Wednesday, April 17, 2019

Anglican Holy Week

A visitor asks a pertinent question:
I've never been to an Anglican or Episcopal service so I know absolutely nothing about the liturgy. But since this is Holy Week, I was wondering what type of liturgies are celebrated. For the RC Holy Thursday ends with exposition of the Eucharist ending at midnight. Obviously, that wouldn't have been possible in the Anglican tradition because the Eucharist is a symbol (I'm assuming).

Do the those worshipping in the Ordinariate that aren't cradle RCers believe that the Eucharist is indeed the Body & Blood of Our Lord?

I've assumed that the Ordinariate is made up of those that are unhappy with the way the Anglican church was going with social issues (women priest, etc)---judgmental of me, I know. If they had believed in the Real Presence wouldn't they have become RC?

I also wonder how confession is done in the Ordinariate. I'm assuming that there can't be a rite from the Anglicans. Do Anglicans confess to their priests?

This goes to the issues at the heart of the Anglican outreach project. For starters, the Episcopalian 1979 Book of Common Prayer, which is available on line, has Proper Liturgies for Special Days that track fairly well with Catholic liturgies.
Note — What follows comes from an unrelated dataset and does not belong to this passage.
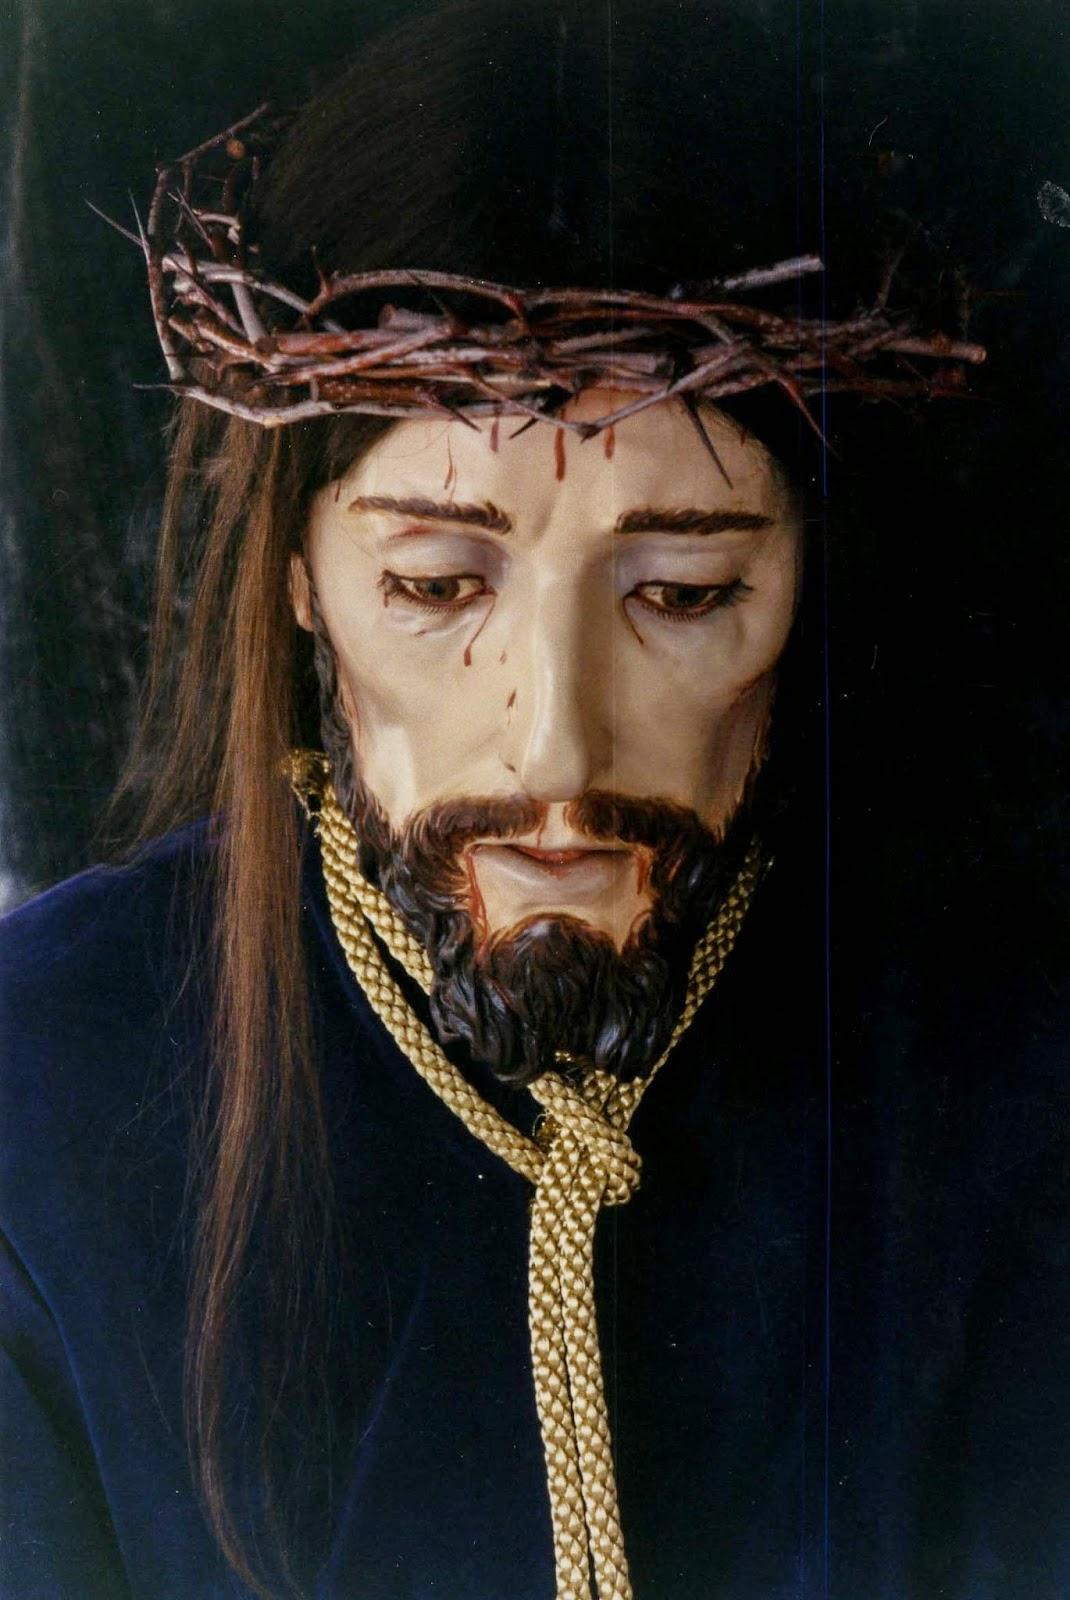 Cristo Misericordia La Algaida Arturo Serra Murcia escultura 1

But there are gotchas related to the uncertainties the visitor has as to what Anglicans actually believe.

There's never been an Anglican equivalent of the Baltimore Catechism, and certainly no equivalent of the current CCC, so you won't find any section on the Real Presence or anything like it. The closest equivalent is the Thirty-Nine Articles of Religion of the Church of England. I find the Wikipedia entry overdetailed while missing certain important points, but it's convenient.

[U]pon the coronation of Elizabeth I and the re-establishment of the Church of England as separate from the Roman Catholic Church, the Thirty-nine Articles of Religion were initiated by the Convocation of 1563, under the direction of Matthew Parker, the Archbishop of Canterbury. The articles pulled back from some of the more extreme Calvinist thinking and created the peculiar English reformed doctrine.

The Thirty-nine Articles were finalised in 1571, and incorporated into the Book of Common Prayer.

The spelling makes it plain that this is a Church of England perspective. The 1979 TEC Book of Common Prayer removed the Articles from the main body of the book and placed them (with the Athanasian Creed) into a new section called "Historical Documents of the Church". This is probably a realistic reflection of historical developments. Several of the Articles that cover the sacraments are in fact radically anti-Catholic. For instance:
XXV. Of the Sacraments.

. . . The Sacraments were not ordained of Christ to be gazed upon, or to be carried about, but that we should duly use them. . . .

XXVIII. Of the Lord's Supper.

. . . Transubstantiation (or the change of the substance of Bread and Wine) in the Supper of the Lord, cannot be proved by Holy Writ; but is repugnant to the plain words of Scripture, overthroweth the nature of a Sacrament, and hath given occasion to many superstitions. . . .

However, these views were never more than loosely enforced, primarily via the Test Acts, which denied public office to non-Anglicans until they were repealed in 1828. On one hand, for the US BCP to place them among "historical documents of the Church" indicates that they are doctrinally now a dead letter -- except for low-church Anglicans, who frequently cite the Articles as continuing to define the divide between low-church and high-church.

But this leaves open the question of whether high-church Anglicans actually endorse the Catholic view of the Real Presence. The 1979 BCP contains this rubric in the Maundy Thursday liturgy:

Where it is desired to administer Holy Communion from the reserved Sacrament on Good Friday, the Sacrament for that purpose is consecrated at this service.
Reserving the Sacrament at all would be a violation of the Articles, but it's provided for here, "where it is desired", which allows parishes that object not to do it. But even if the celebrant does it, what does that mean? Even high-church Episcopalians may simply feel this is wonderfully quaint, along with the foot washing and such, and not pay much mind to the Real Presence. In fact, they'd almost certainly regard anyone who asked them about the issue too closely as gauche.

So the preference is one of style, and that makes it a very close cousin to wearing chapel veils at Catholic mass -- a form of supererogation for Episcopalians, for whom belief in the Real Presence is purely optional, and traddy Catholics, for whom chapel veils are never actually required, notwithstanding having baskets in back for everyone to take one suggests that, at least at that parish, they're compulsory.

The difficulty with Anglicanism is this accretion of vague belief, the sense that everything is optional, and that it's primarily a matter of style. On one hand, Anglicans themselves see Catholicism is basically foreign to this view, and they've stayed away from Anglicanorum coetibus. On the other, the focus on ostentatious style over substance has apparently had its own appeal to the traddies.

Regarding confession, while Anglicanism does recognize all seven Catholic sacraments, confession is seldom practiced, and very few Episcopalian naves have confessionals. An Episcopalian priest would have no training, either in moral theology or practical advice, on how to do the sacrament. This is only one reason I would never go near an ordinariate parish.